第15話 出勤前日〜隣人〜
明日の出勤に備えて寝ようとした時、機種変更したばかりの携帯電話がメッセージを受信した。
知らない番号からのメール。
『しの、ずっと未読無視なんだけどなんかあったの!?』
文面はこれだけだが、多量に絵文字が使われていた。
…枡田と離れた後の友人か?
一刻も早く男に戻るには、人との接触は増やさなければならない。だが、メールで事情を説明するには複雑すぎる。とりあえず返信して後日電話しよう。
『ごめん、ケータイが壊れてて。また連絡する』
『おけ。待ってる』
…割と淡白だな。
さて、そろそろ寝なければ…
そう思った時、ドアをノックする音がした。
「誰だ…?」
俺はミクさんの教えに従って、インターホンのカメラで外を見た。
女性だった。しかも、どうやらパジャマ姿だ。同じ階の住人か。まあ、開けても危険は無いだろう。
「はい」
「やあ、お隣の君。悪いが醤油を貸してくれないか」
ドアを開けると、男役でもやっていそうな長髪で高身長の女性が立っていた。凛とした佇まいなのだが、猫柄のパジャマが全てを台無しにしている。しかも醤油を借りたいとは…
「あ、はい。お待ちください」
「いや、すまないね!はっはっは!」
女性は高笑いした。変な人だ。
「どうぞ」醤油を渡す。
「ありがとう!しかしお隣の君よ、初めて開けてくれたね。引っ越したのかと思っていたよ」
転生前のしのぶは多分、このノリが嫌だったんじゃないだろうか。
「…入院してまして」
「なんと!?大事なかったかい?」いちいち言い回しが大げさな人だな。
「ええ。
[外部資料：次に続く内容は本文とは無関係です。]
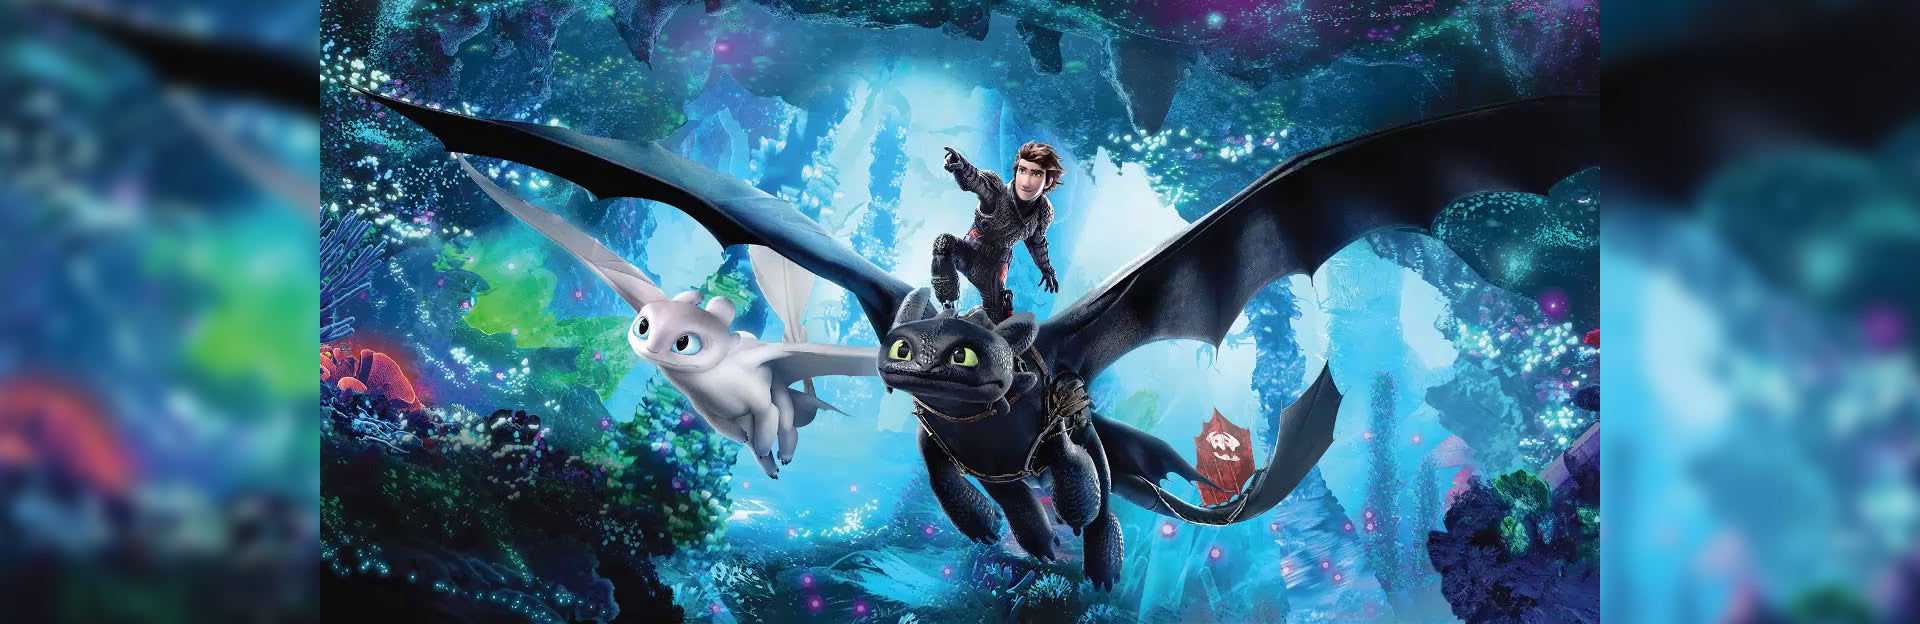 toothless how to train your dragon 2 blue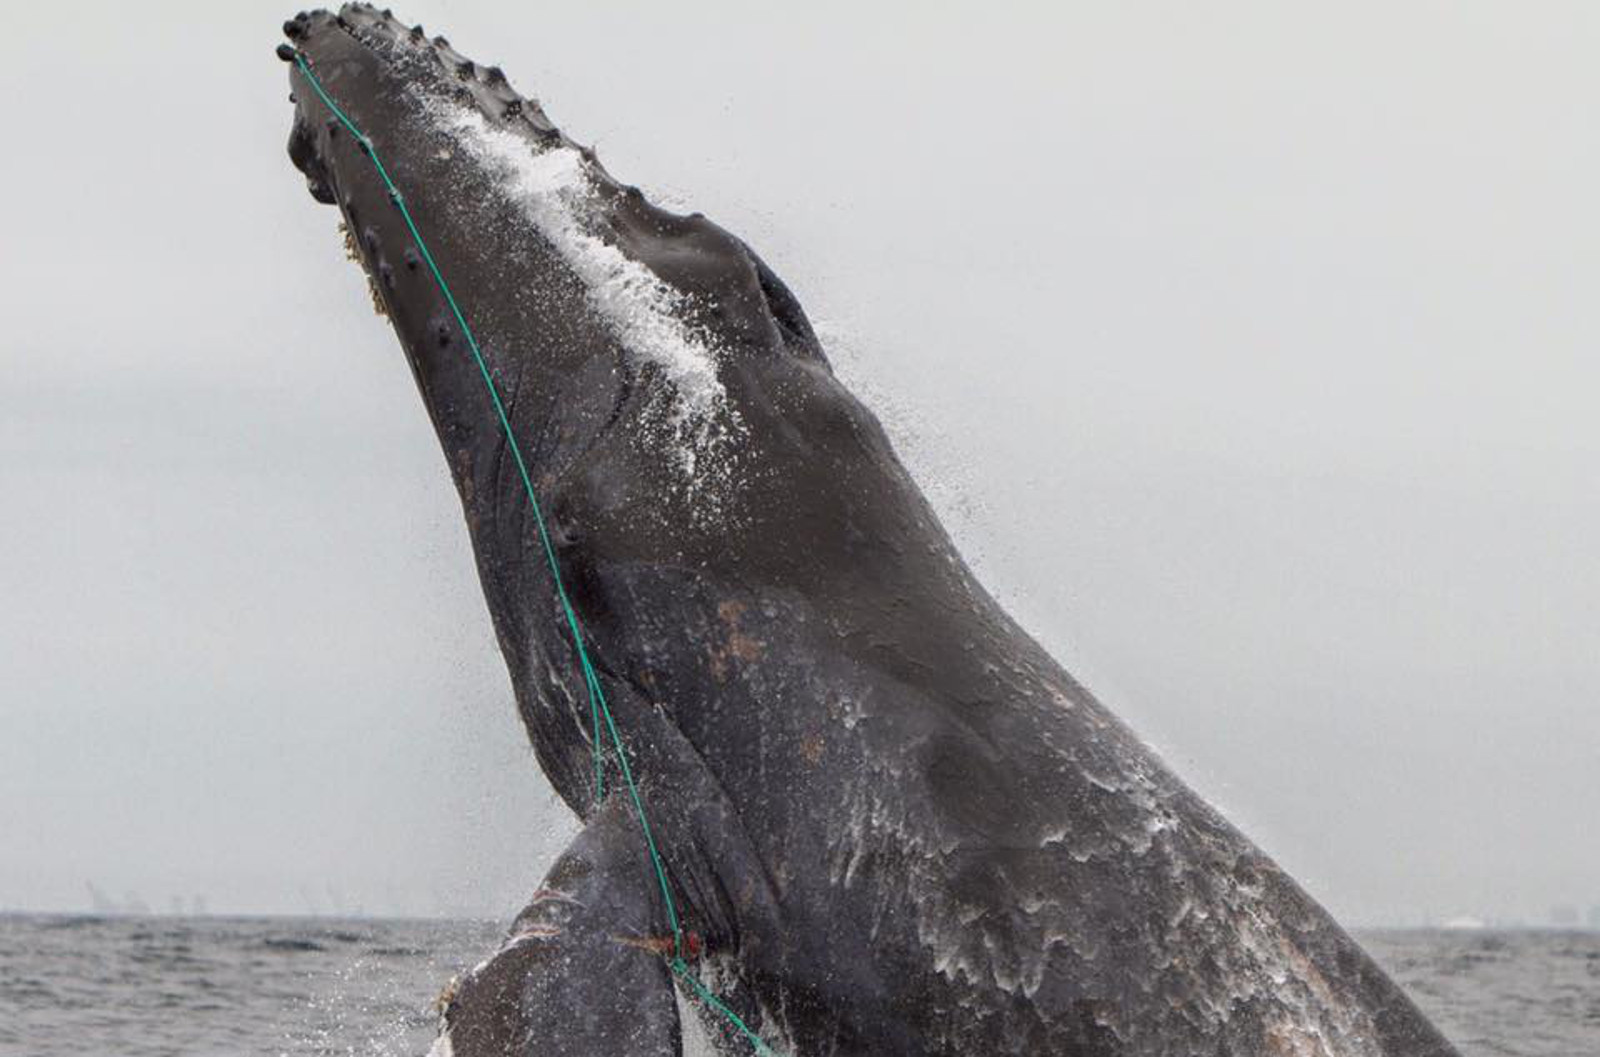 This Might Look Like a Picture of a Whale Breaching, But it Tells a Sad Story About Our Food Choices

ただ記憶が無くて。すいませんが…お隣さんですか?」
「そうだ。私は隣の曽根崎、曽根崎裕佳梨だ。改めてよろしく!で、記憶喪失とは…」
「曽根崎さんですね。よろしくお願いします。頭の怪我で色々忘れてしまったんですよ」やれやれという顔をしておく。
「それは…なるほど…」
「え?」
「あ、いや。それで私を忘れたのだなと思って」
そういうことか。びっくりした。
「あ、今海外からの留学生を預かってまして。騒がしかったら言ってください」
「なんと…記憶喪失の中、留学生を預かるとは…?」まずい、疑われる。
「あー、えーと。知人の娘さんなんです。夜に家を空けがちだから、こんな時だけど私しか頼れないらしくて」
「なるほど…よし、何かあったらいつでも私に相談してくれ!」
「ありがとうございます。えっと…醤油、いいんですか?」
「ああっ!しまった!すぐ返すから待っててくれ!」
曽根崎は自室に戻り、数分後に戻ってきた。
「助かったよ。実はこれを作っていたんだが、あと一味で醤油が切れてしまってね。嫌じゃなければ食べてくれ」
肉じゃがだった。
「いいんですか?」
「うむ!口に合えば良いが。留学生の子にも日本の味を教えてやってくれ!」
「助かります」
「しかしお隣の君よ…」
「あの」
「ん?」
「その呼び方、なんなんでしょうか…」気になりすぎる。
「あぁ、私は君に名前を聞いていないのでね!」しのぶ…社交性のカケラもないな…
「それは大変失礼しました。東雲しのぶといいます」
「おお!しのぶさんだな!よろしく!ところでしのぶさん、君…」
「はい?」
「ナチュラルメイクの方が、可愛いよ」曽根崎はキメ顔を見せた。しかし、猫柄のパジャマが全てを台無しにしている。
「あ、ありがとうございます…」
「ではまた!」
曽根崎は颯爽と自室に戻っていった。